BERLIN. (hpd) Am vergangenen Freitag wurde die Ausstellung „Humanisten im Fokus“ im Rathaus Kreuzberg eröffnet. Ausgewählte Beispiele von Personen benennen den Widerstand einer vielfältigen humanistischen Bewegung gegen den Nationalsozialismus und ihre Verfolgungsgeschichte.

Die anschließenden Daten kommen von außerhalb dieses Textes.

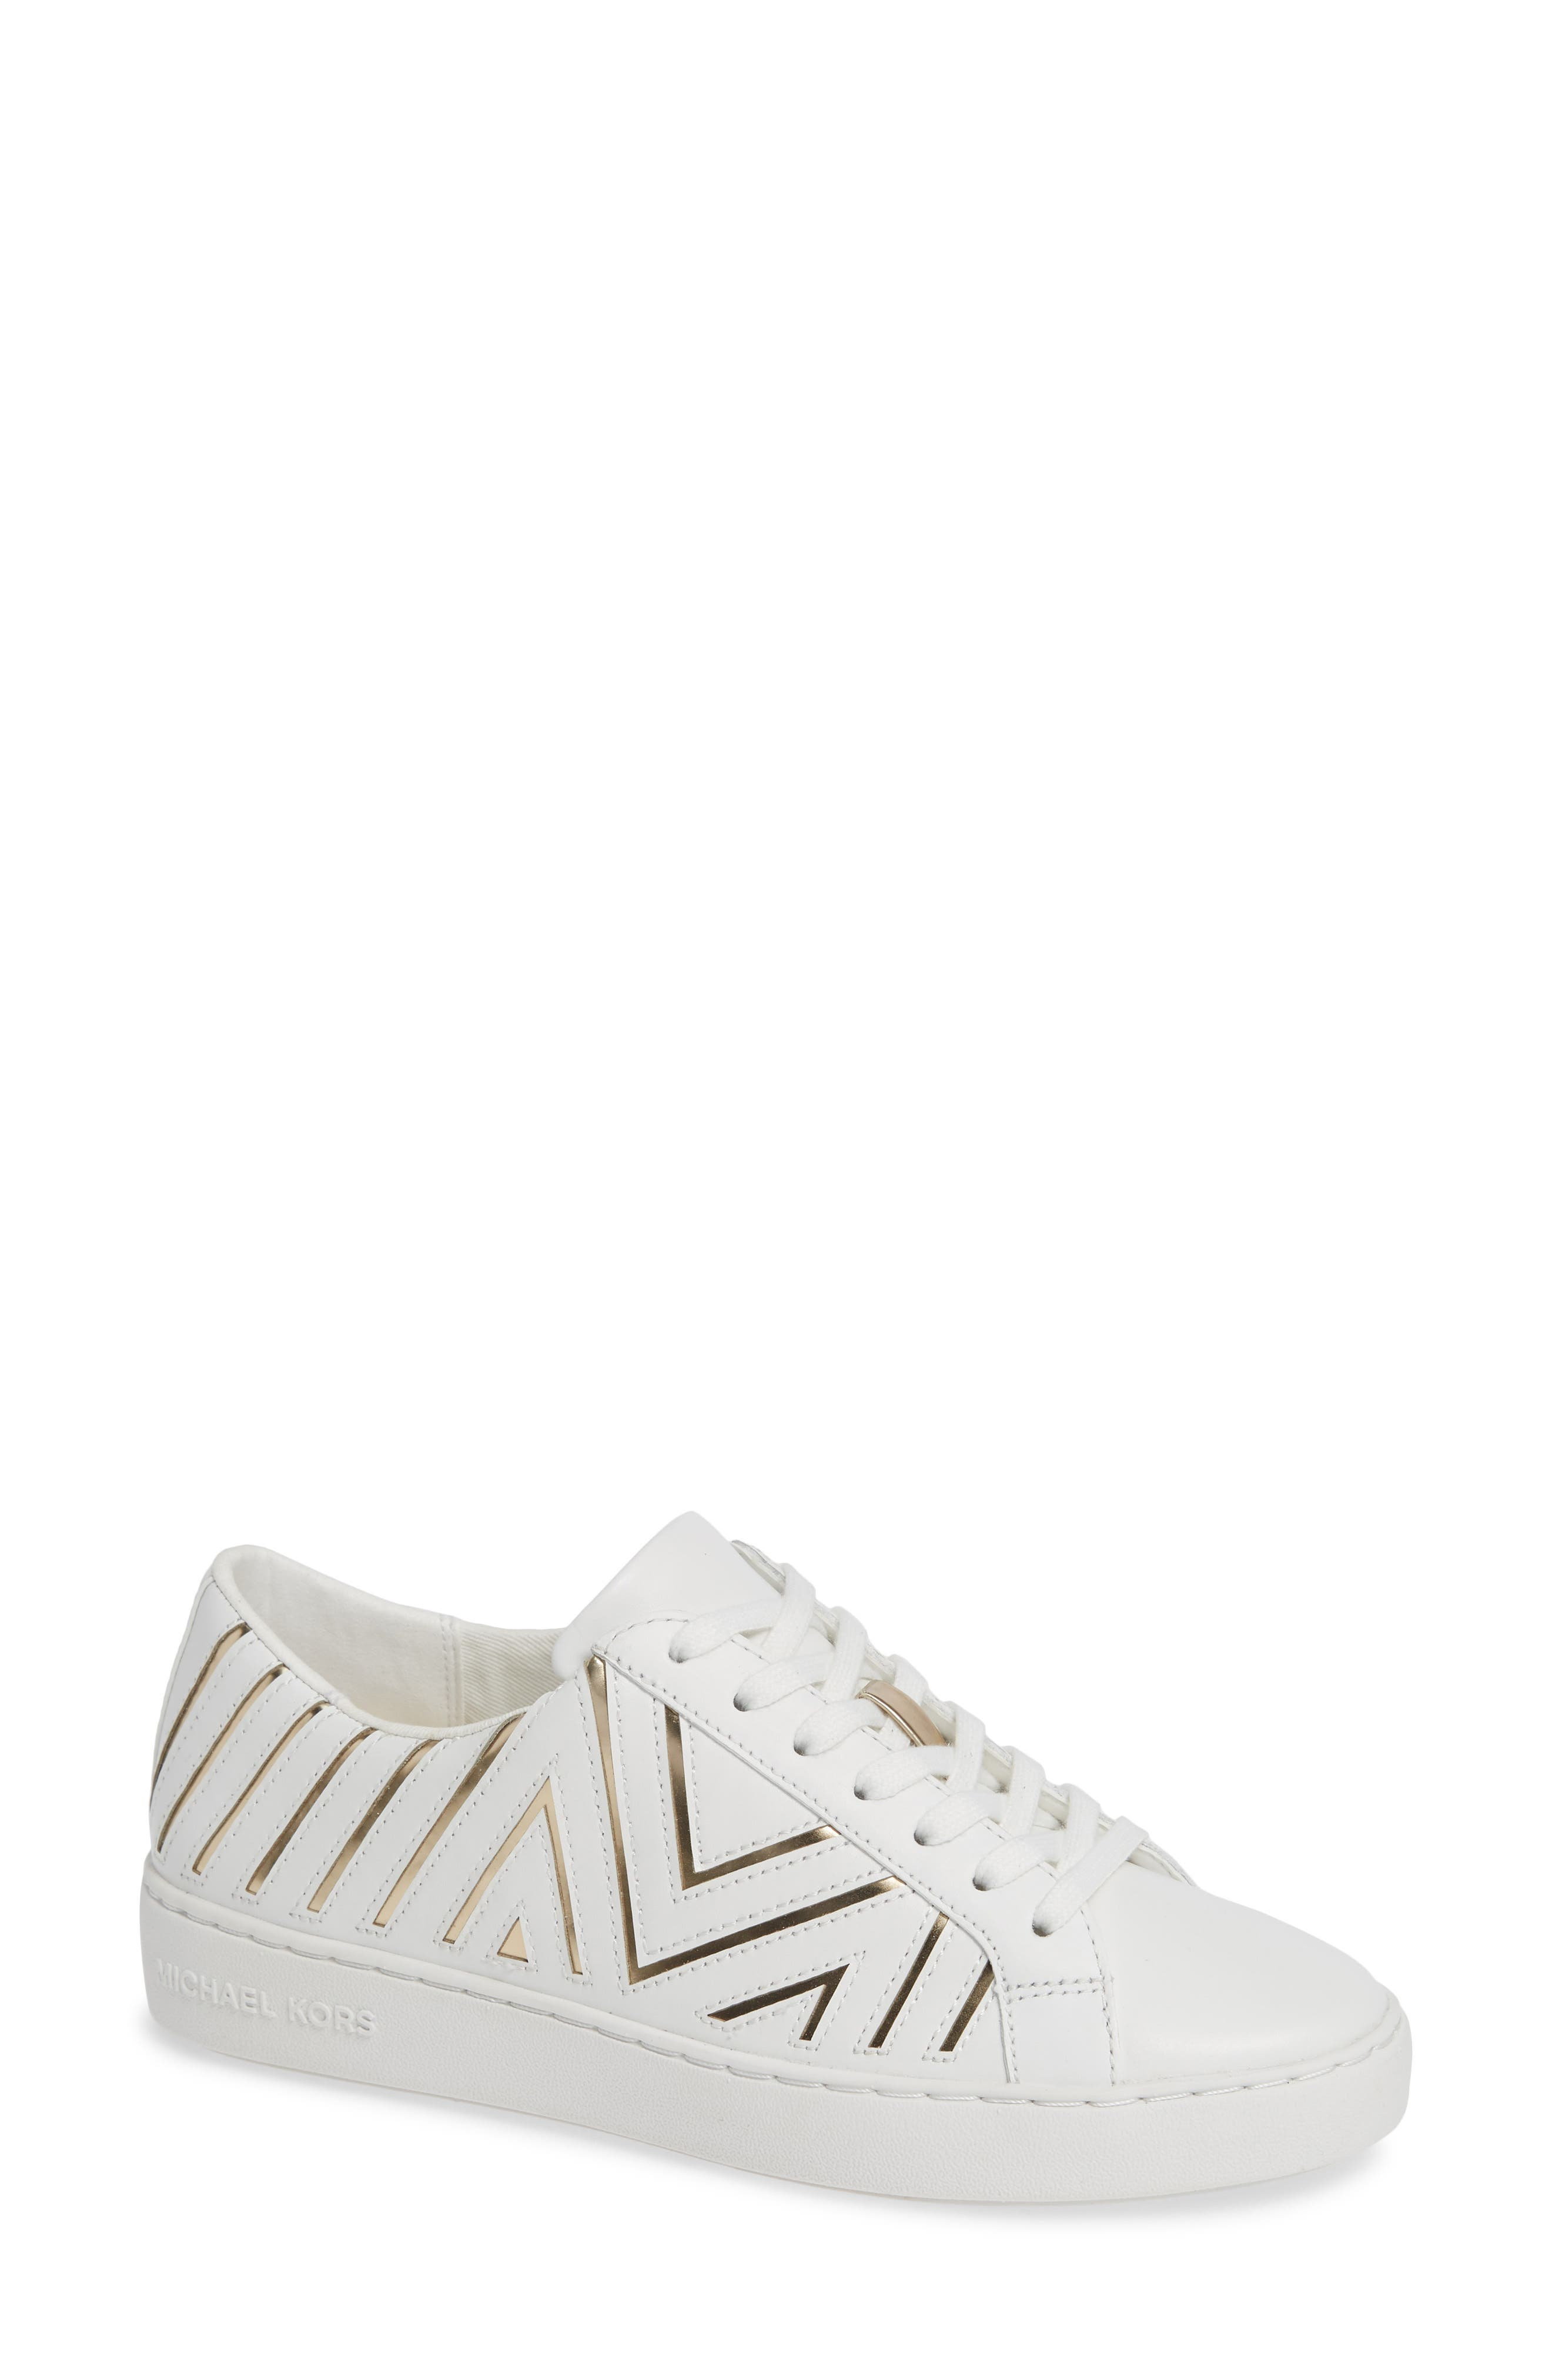 MICHAEL MICHAEL KORS Whitney Sneaker, Main, color, 100

Mit der Ausstellung will der Humanistische Verband Berlin-Brandenburg (HVD) eine bisher kaum beleuchtete Widerstandsbewegung ins Zentrum der Öffentlichkeit rücken und den Menschen dieser Bewegung einen Namen geben. Sie ist Teil des Berliner Themenjahres „Zerstörte Vielfalt“, das auf vielfältigste Weise die verschiedensten Facetten und Schritte der Gleichschaltung der politischen und kulturellen Vielfalt Berlins nach 1933 darstellt.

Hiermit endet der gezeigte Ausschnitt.